Output the listing exactly as written, apart from its pictures.

## [RECORDED DATA]
○ ○ ○

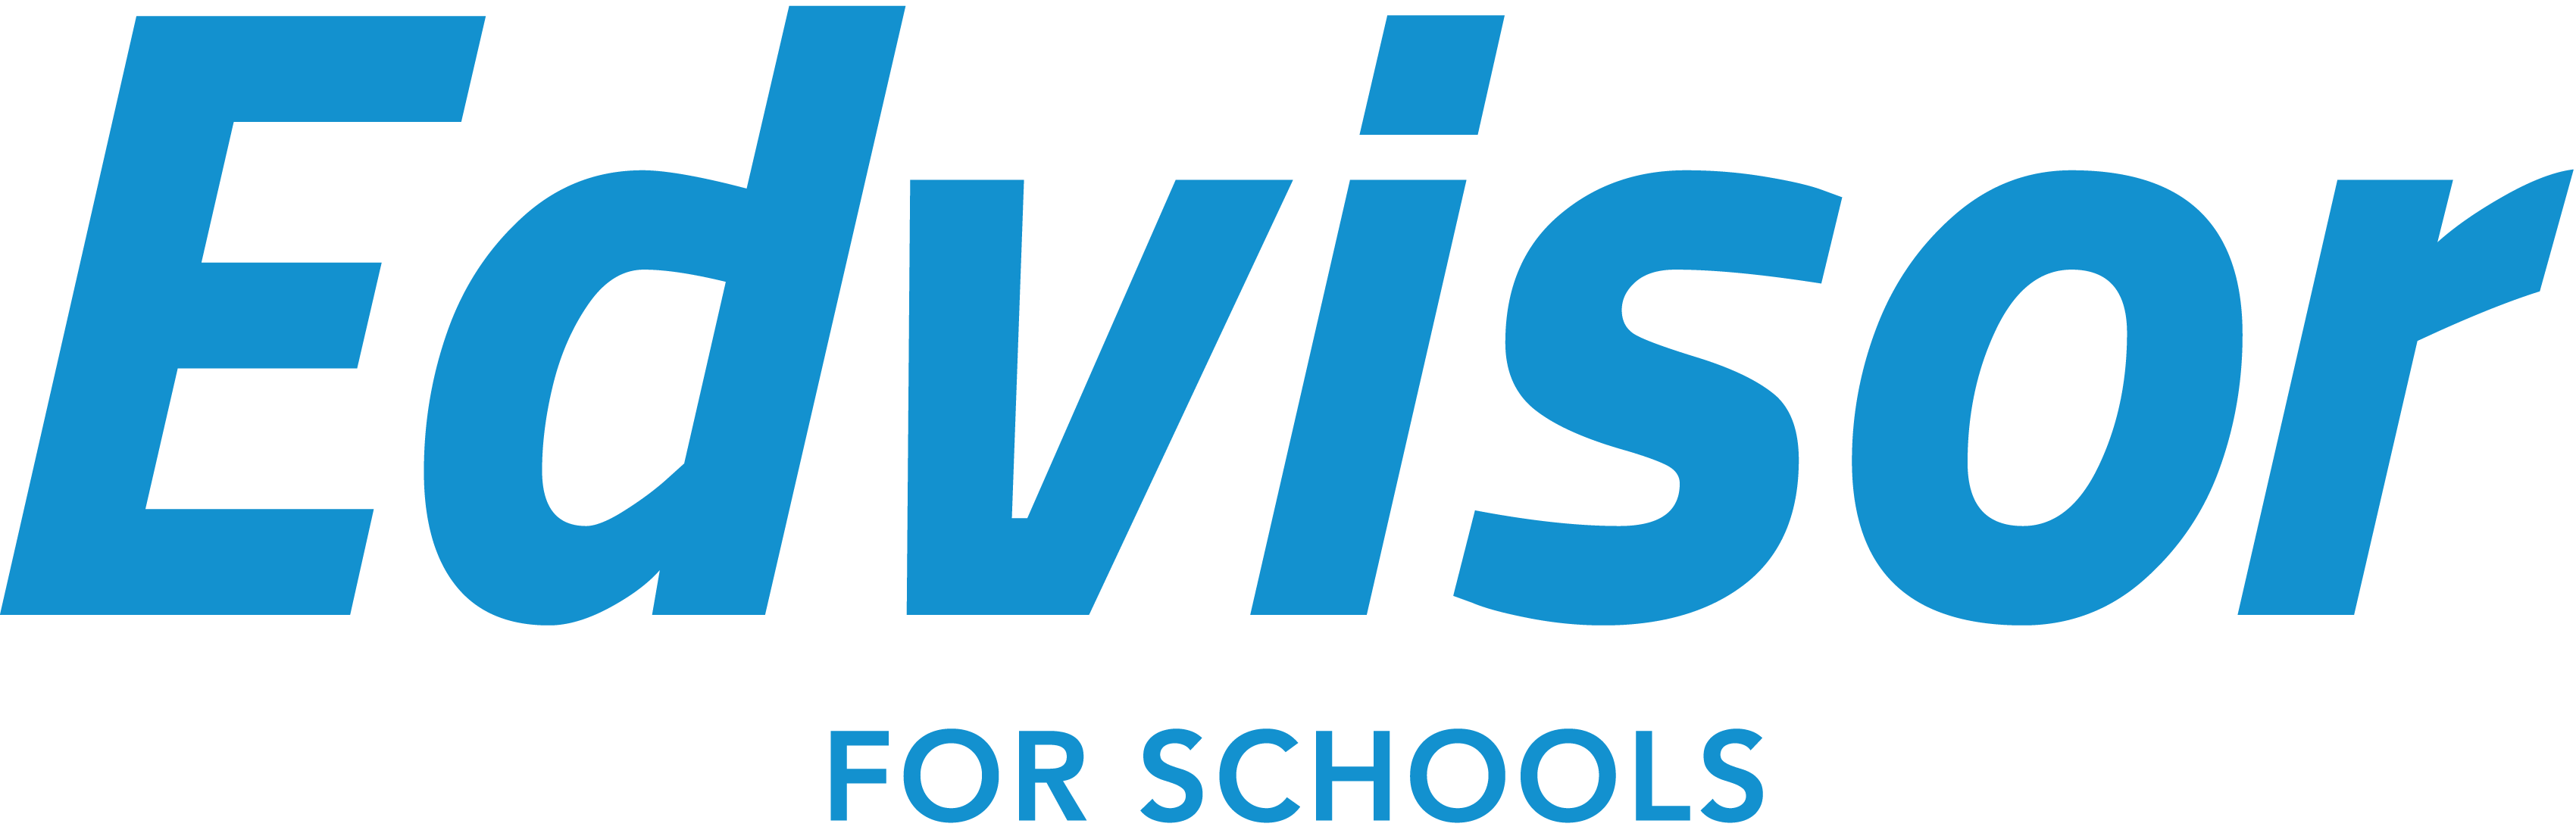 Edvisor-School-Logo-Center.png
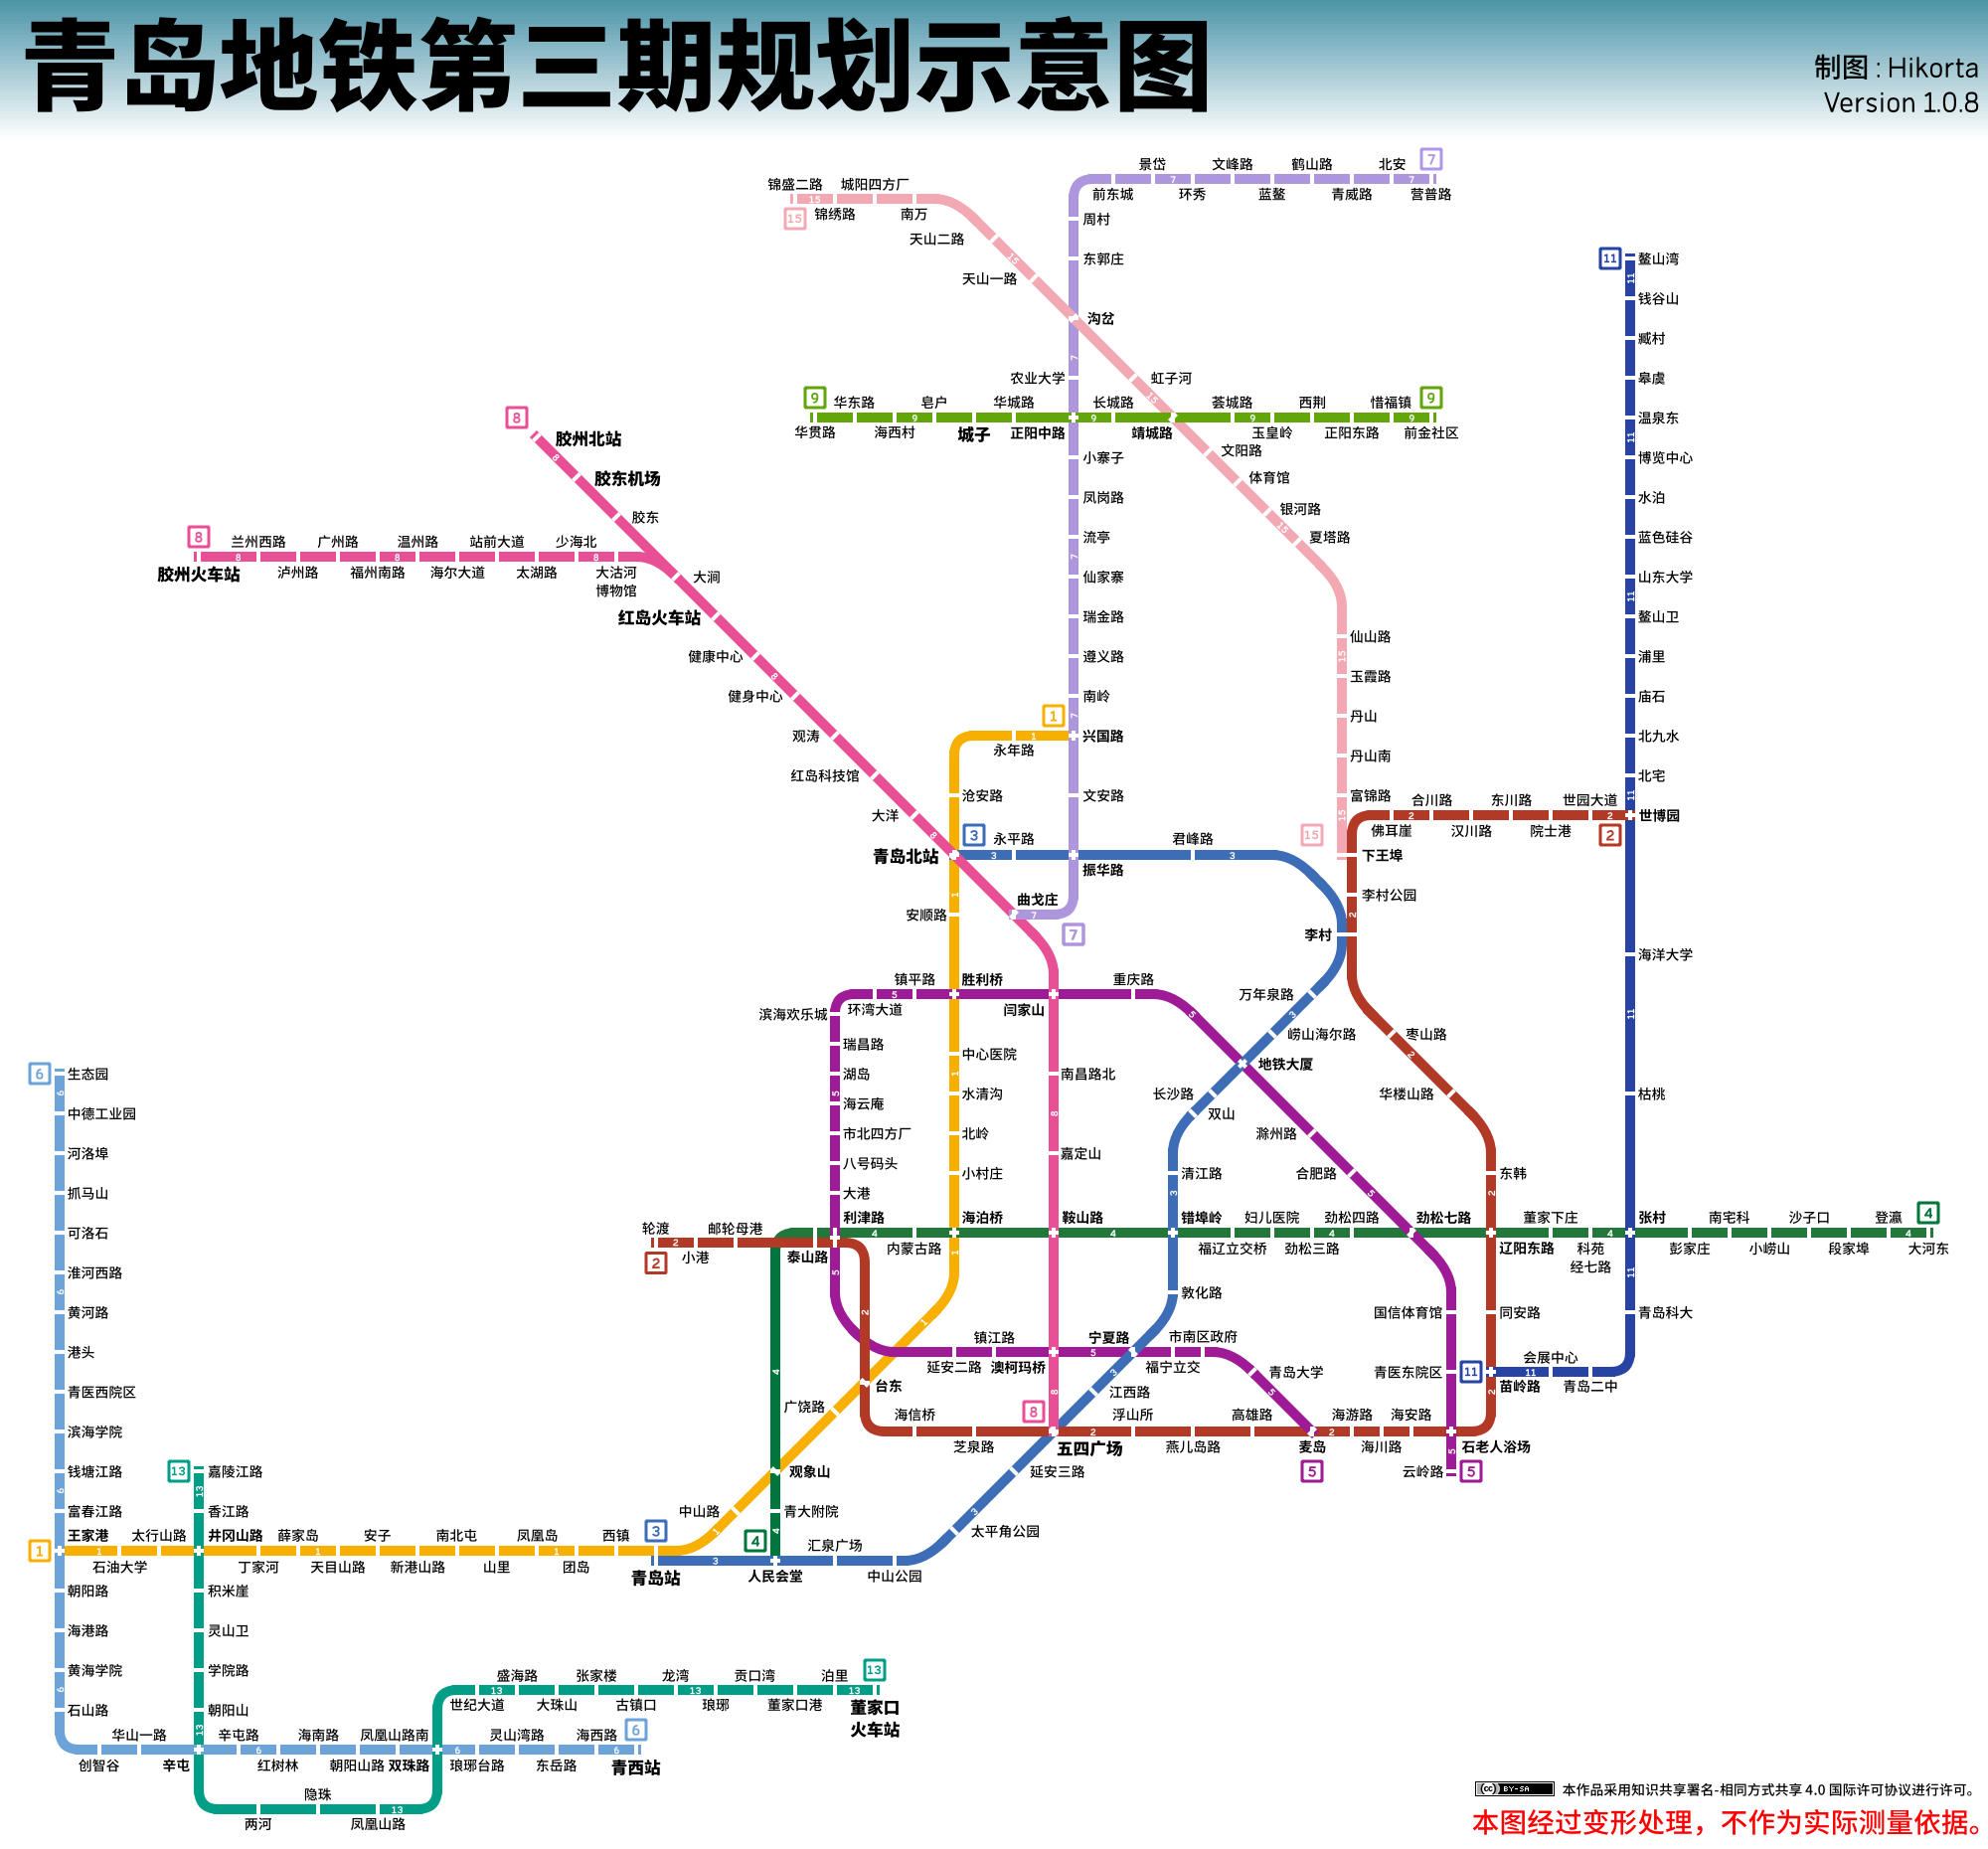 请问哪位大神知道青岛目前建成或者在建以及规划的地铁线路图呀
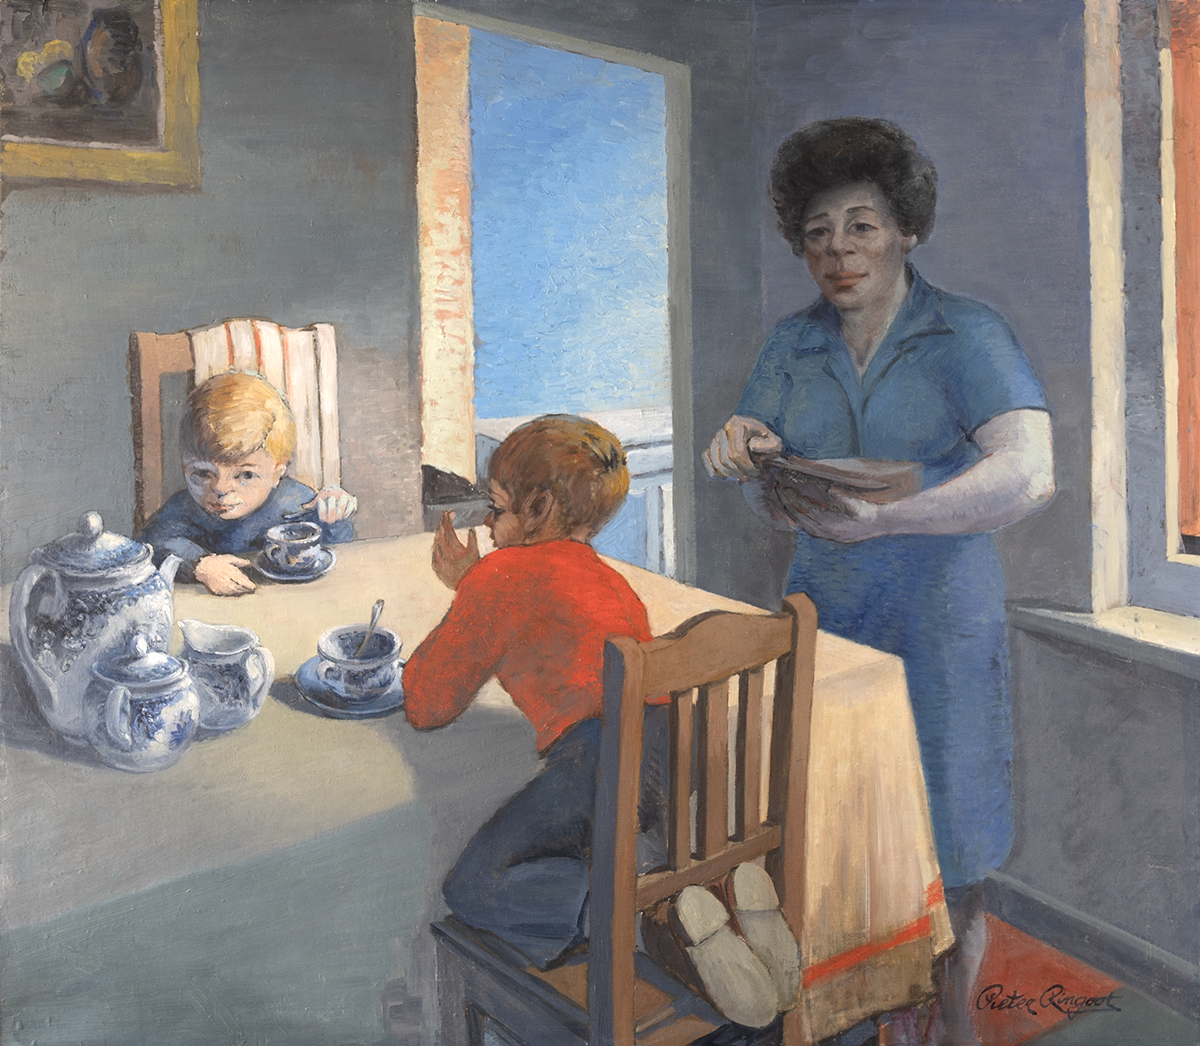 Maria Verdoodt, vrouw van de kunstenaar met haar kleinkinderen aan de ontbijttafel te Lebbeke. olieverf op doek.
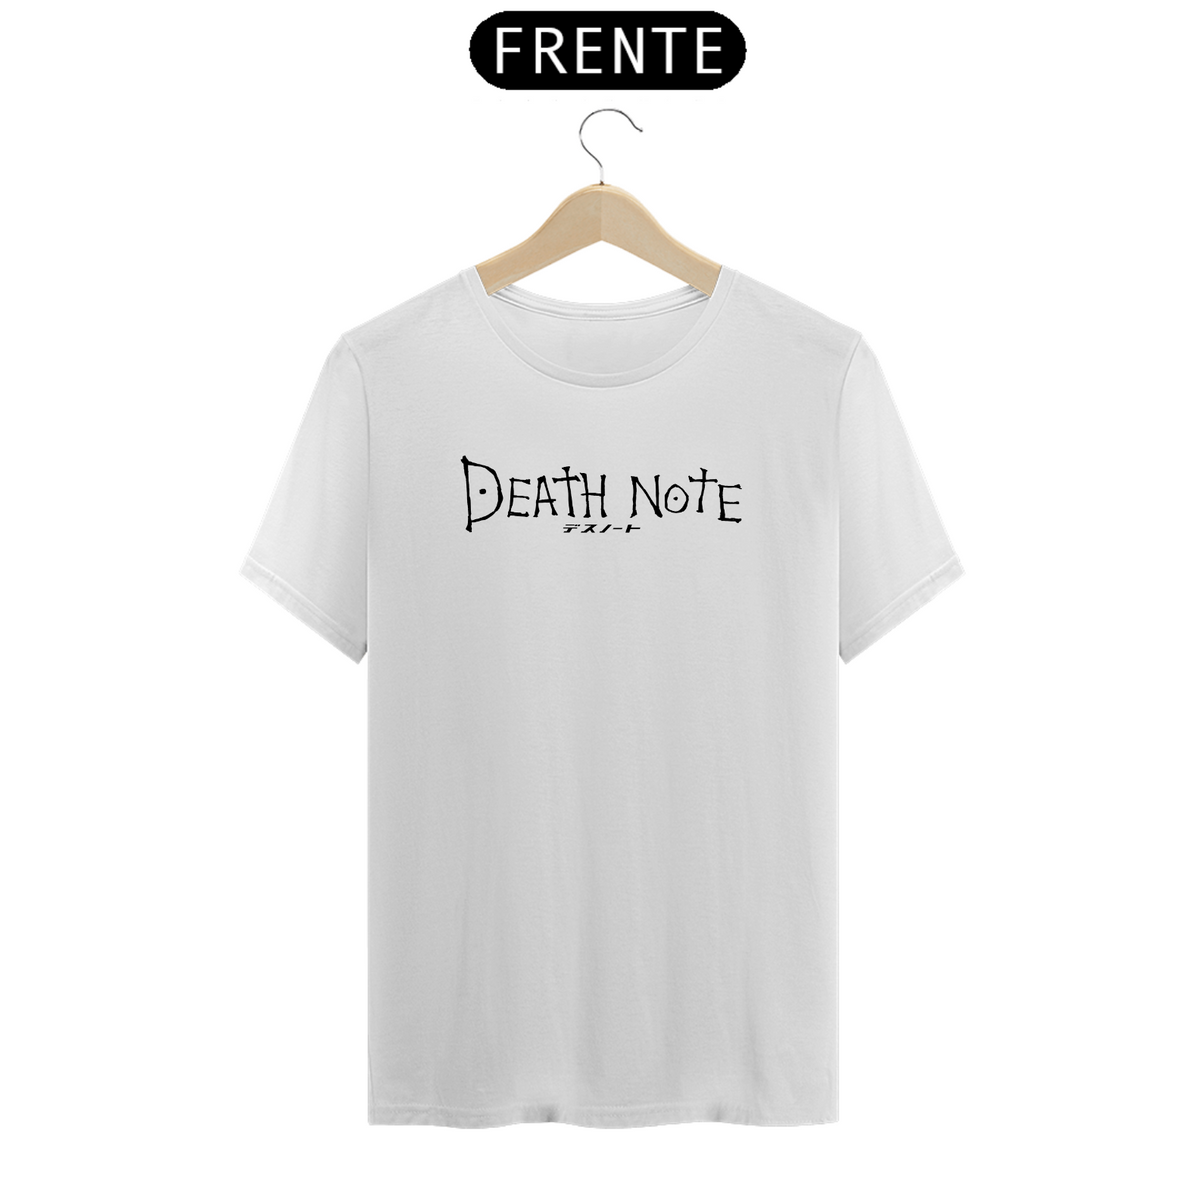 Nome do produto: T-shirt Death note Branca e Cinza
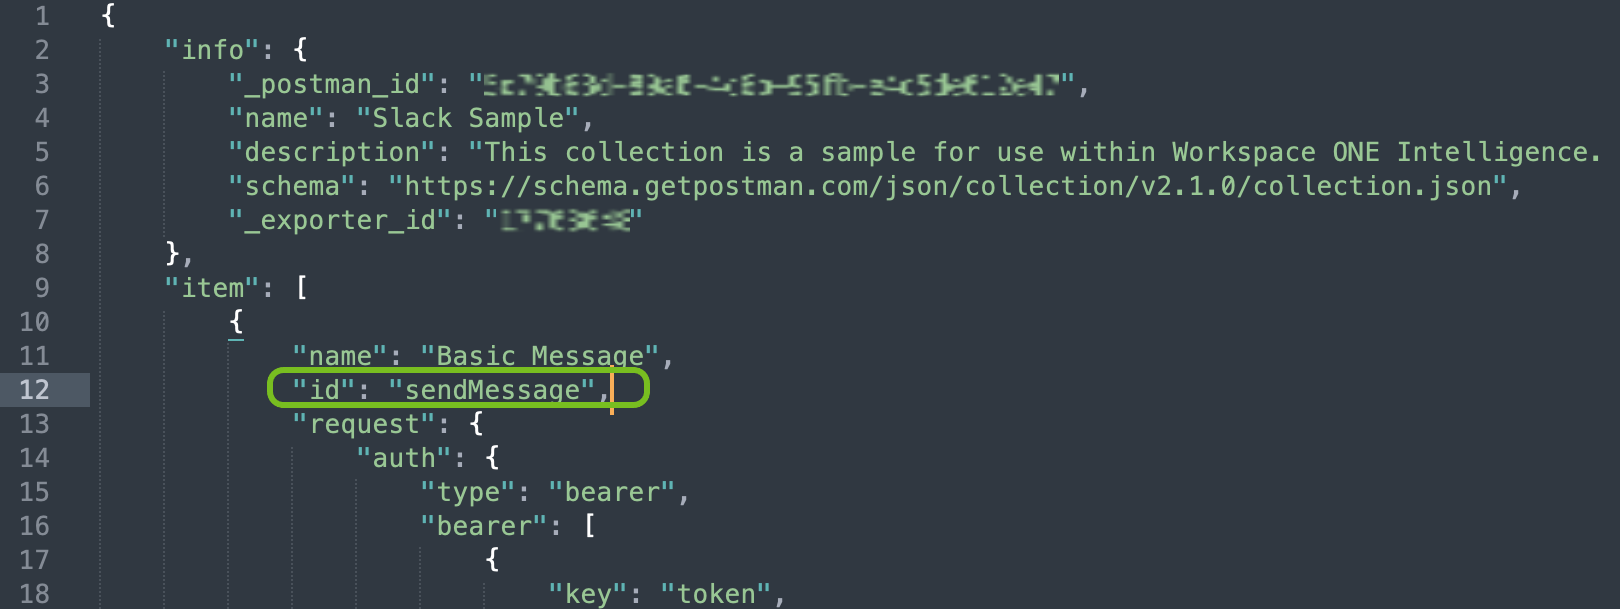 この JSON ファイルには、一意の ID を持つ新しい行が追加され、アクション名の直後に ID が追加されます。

○ ○ ○

## [RESPONSE TO THE TASK]
 Edvisor-School-Logo-Center.png
 请问哪位大神知道青岛目前建成或者在建以及规划的地铁线路图呀
 Maria Verdoodt, vrouw van de kunstenaar met haar kleinkinderen aan de ontbijttafel te Lebbeke. olieverf op doek.
 Nome do produto: T-shirt Death note Branca e Cinza
 この JSON ファイルには、一意の ID を持つ新しい行が追加され、アクション名の直後に ID が追加されます。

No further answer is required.